The most simple use is:

corr_all <- association(mtcars, categorical = c('cyl', 'vs', 'am', 'gear'), normality_test_method = 'ks')

In above example we have defined 'cyl', 'vs', 'am', 'gear' variables as categorical and set the Kolmogorov-Smirnov test as the normality test method. This returns a list of 6 data.frames. The function selects the method automatically based on different normality and equal variance tests. The selected methods can be seen by

corr_all$method_used

The methods for association can be changed by using the method1 (between 2 continuous variable) or method3 (between continuous and categorical variables).
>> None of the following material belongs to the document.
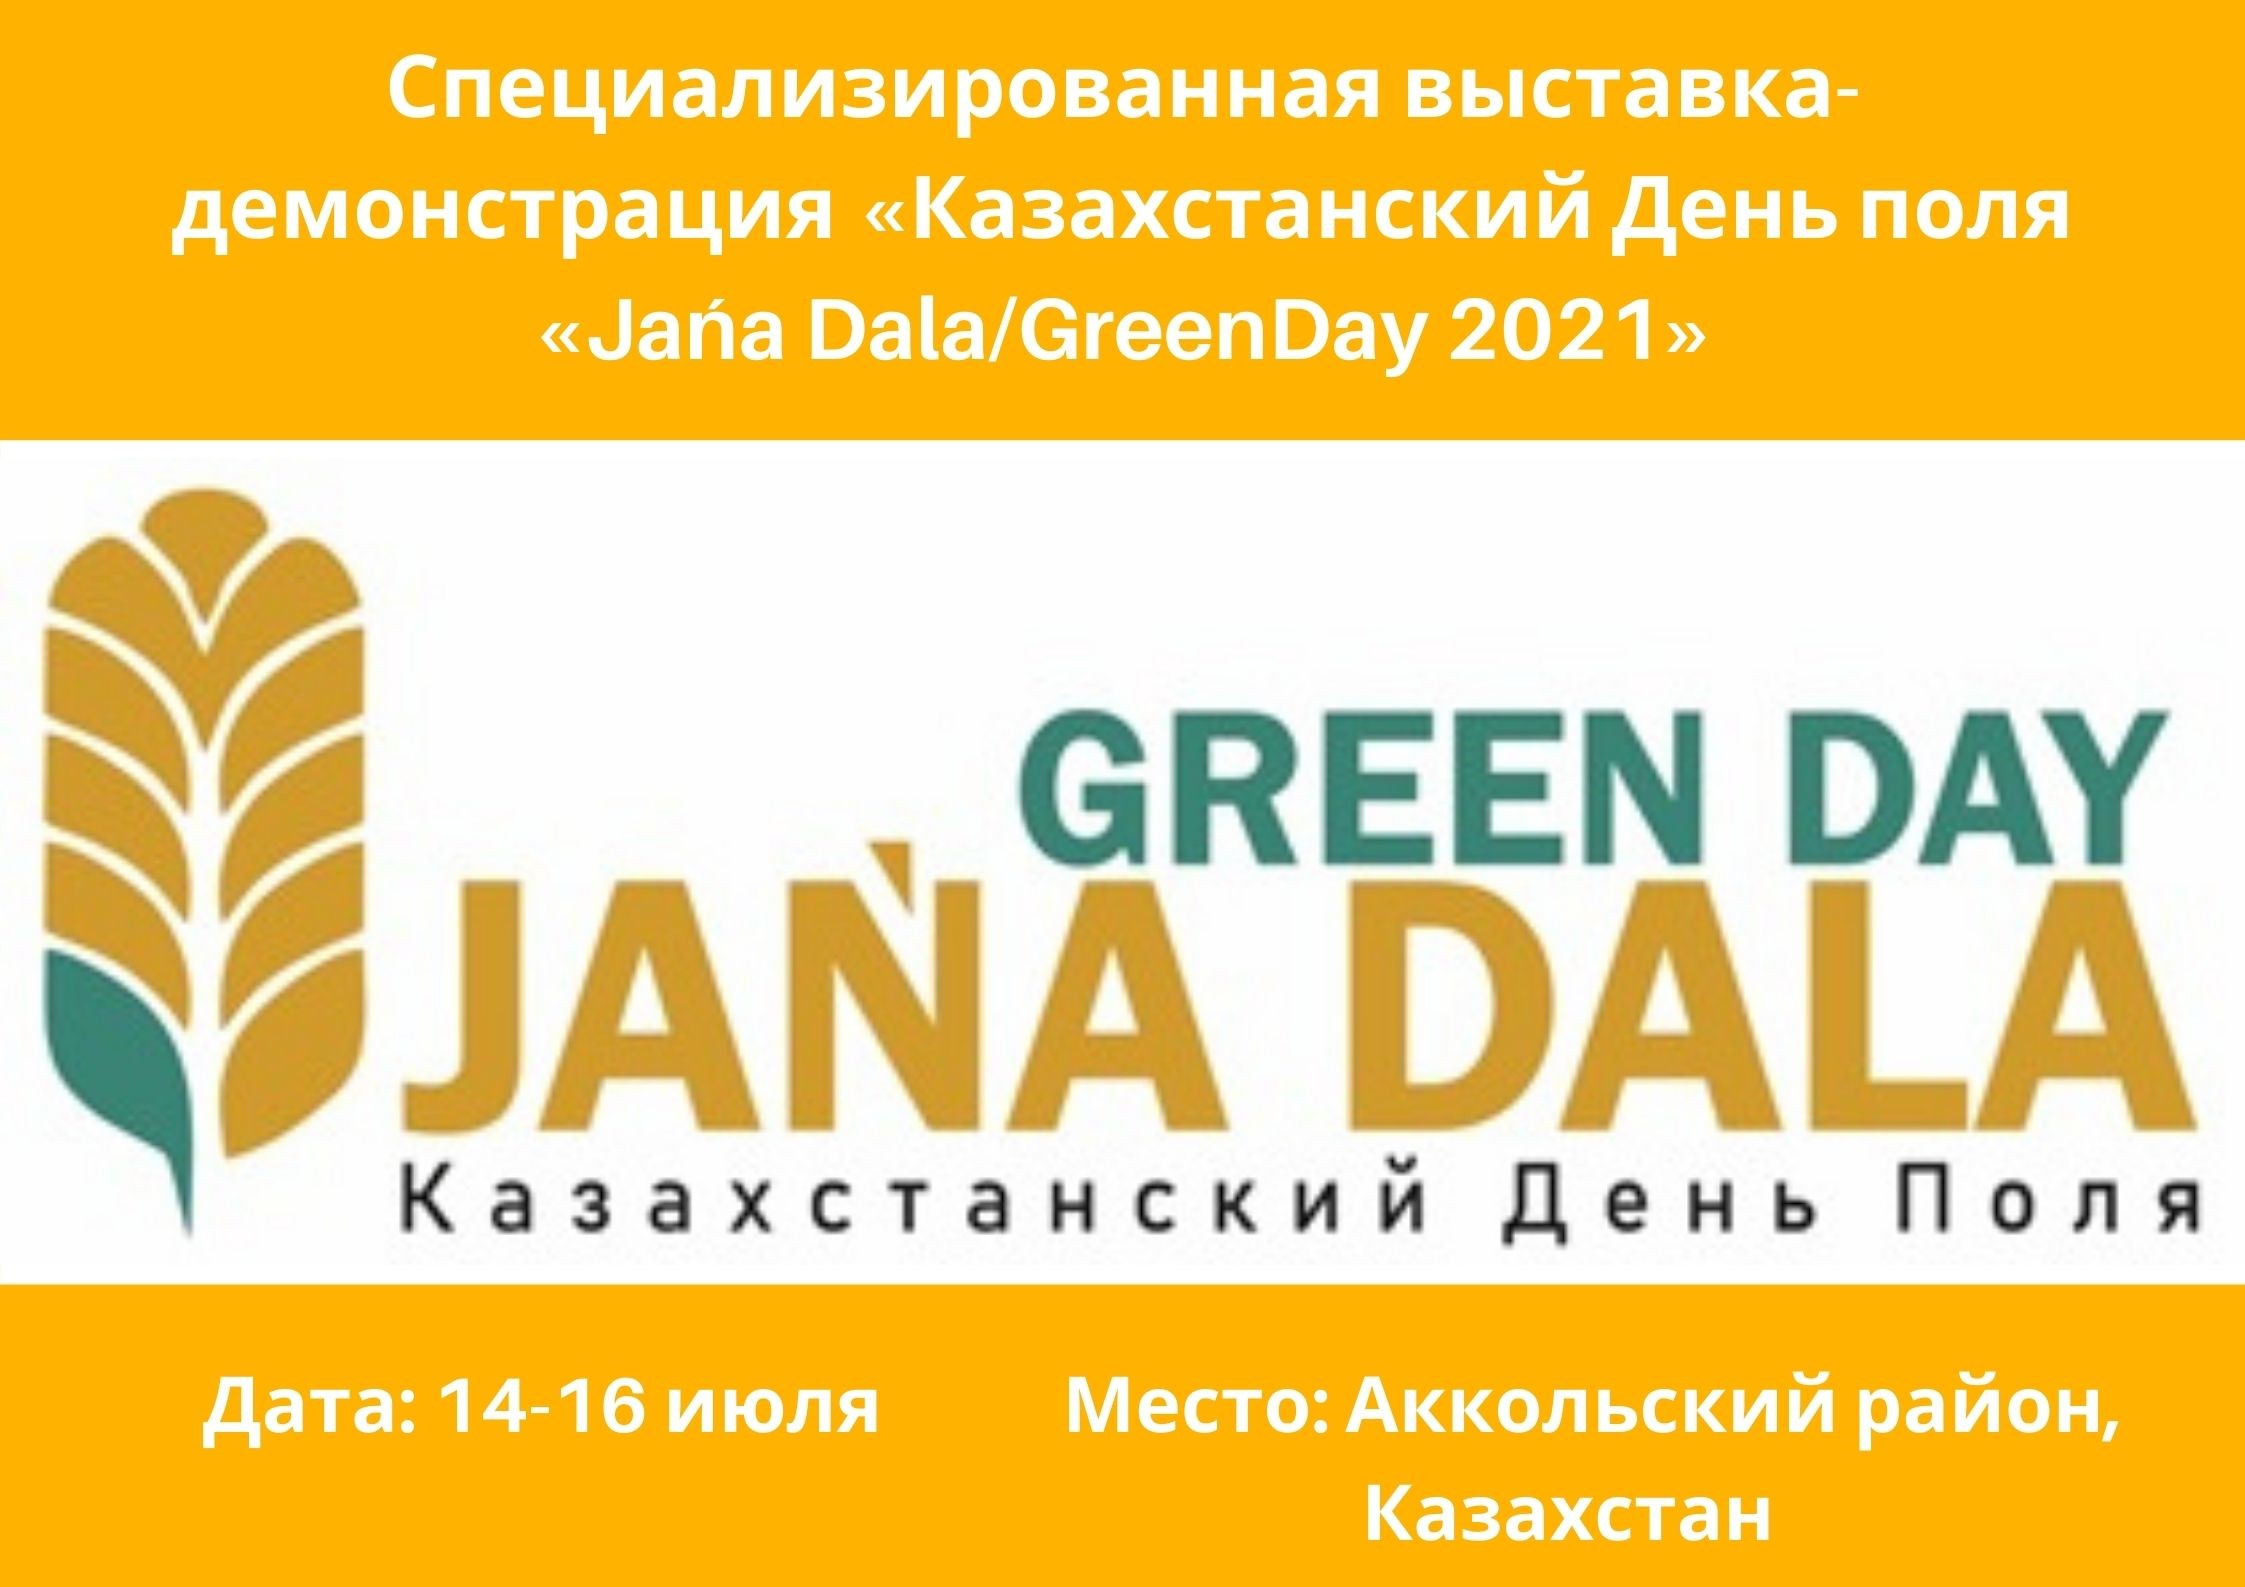 «Jańa Dala / GreenDay 2021» қазақстандық дала күні

The default is 'auto' for automatic selection. Method can also be changed at the variables pair level by using methodMats argument in following way. Define a data.frame in following way and pass it through methodMats:

corr_all$method_used

This data.frame can take values like the one returned originally:

between continuous-continuous variables ("auto", "pearson", "kendall", "spearman")
between continuous-categorical variables ("auto", "t-test", "ANOVA", "Mann-Whitney", "Kruskal-Wallis")
between categorical-categorical variables can be anything

But its advisable to pass values like below because t-test and ANOVA are both for parametric test but depends on number of unique values in the categorical variable. If 'parametric' is used instead of 'ANOVA' or 't-test' then function identifies between 'ANOVA' or 't-test' automatically.

between continuous-continuous variables ("auto", "pearson", "kendall", "spearman")
between continuous-categorical variables ("auto", "parametric", "non-parametric")
between categorical-categorical variables can be anything

Example - Normality test

analyzer also gives the function to do normality test using three different methods:

Shapiro-Wilk test
Anderson-Darling test
Kolmogorov-Smirnov test

norm_test_fun(mtcars$mpg, method = "anderson")

Example - Analyzing merge

analyzer can be used to get the summary of data pre and post merge.

A <- data.frame(id = c("A", "A", "B", "D", "B"),
                valA = c(30, 83, 45, 2, 58))

B <- data.frame(id = c("A", "C", "A", "B", "C", "C"),
                valB = c(10, 20, 30, 40, 50, 60))


merged <- mergeAnalyzer(A, B, allow.cartesian = T)

Above print shows that left data (A) has sum of valA column = 218. After merge it became 329, which is 1.51 times (shown in column remainingWRTx). Similarly, right data (B) has sum of valB column = 210. After merge it became 160 which is 0.76 of original sum (shown in column remainingWRTy). First row shows the number of rows. in left (A), right (B) and merged data.